Discussion Questions
- Tally Rick's total illustrative losses from the Castellano household (referrals + the trade-up). Now imagine that's one of the ~900 customers he'll sell over a career. What does that multiply out to, and what does it say about the cost of a "no follow-up" career?
- Rick's recovery attempts (survey coaching, poaching) were both unethical and ineffective. Explain how each one actually made his situation worse in concrete, business terms — not just morally.
- The competitor won the trade-up by running an equity-mining play on Rick's own customer, using a third-party data service. What does this tell you about the cost of leaving your sold customers untended? Whose customer were they, really?
- At what single point in the four-year timeline could one phone call have changed the entire outcome? Identify it and write the call.
- Rick is genuinely skilled. Why isn't talent enough to save a career built on no follow-up?
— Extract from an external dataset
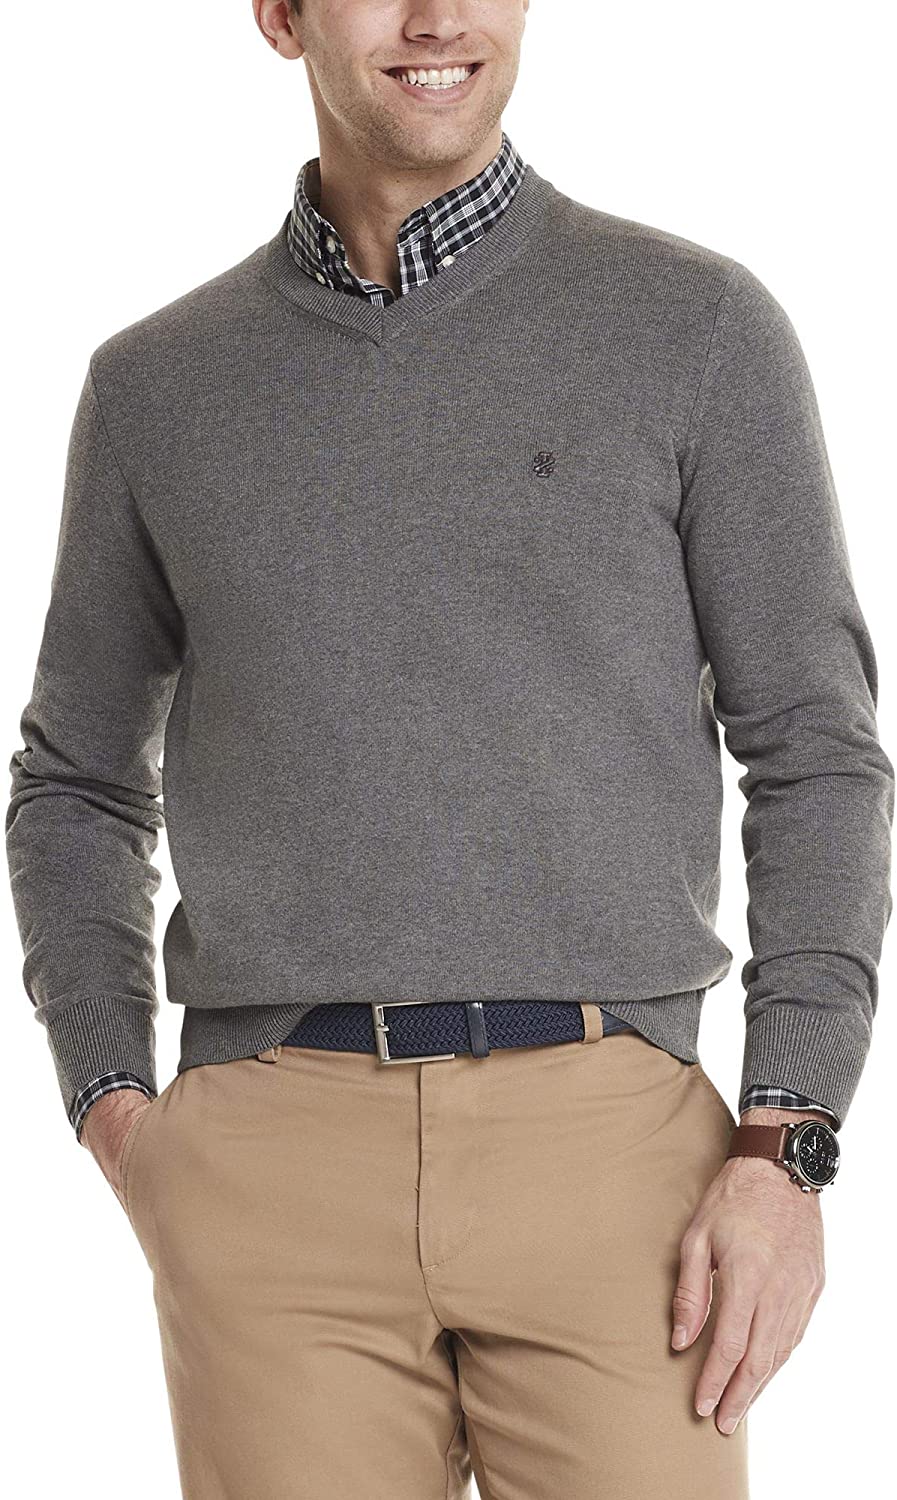 IZOD Men's Premium Essentials Quarter Zip Solid 12 Gauge Sweater, Black  GS167, Small at  Men's Clothing store

Connect your answer to the Rick-vs-Carmen comparison and the "starting at zero" idea.
Your Turn (mini-task)
You've just inherited Rick's situation: a customer you sold a while ago, never followed up with, and just discovered is in a positive-equity window — but they've gone cold and you're not sure they even remember you. Write the recovery call. It must (1) re-introduce you without making them feel neglected, (2) lead with genuine value, (3) set up the equity conversation honestly, and (4) contain zero pressure, zero survey-coaching, and zero of the panic that sank Rick. Then write the one habit you'll adopt this week so you never have to make a "recovery" call again — because the relationship never went cold in the first place.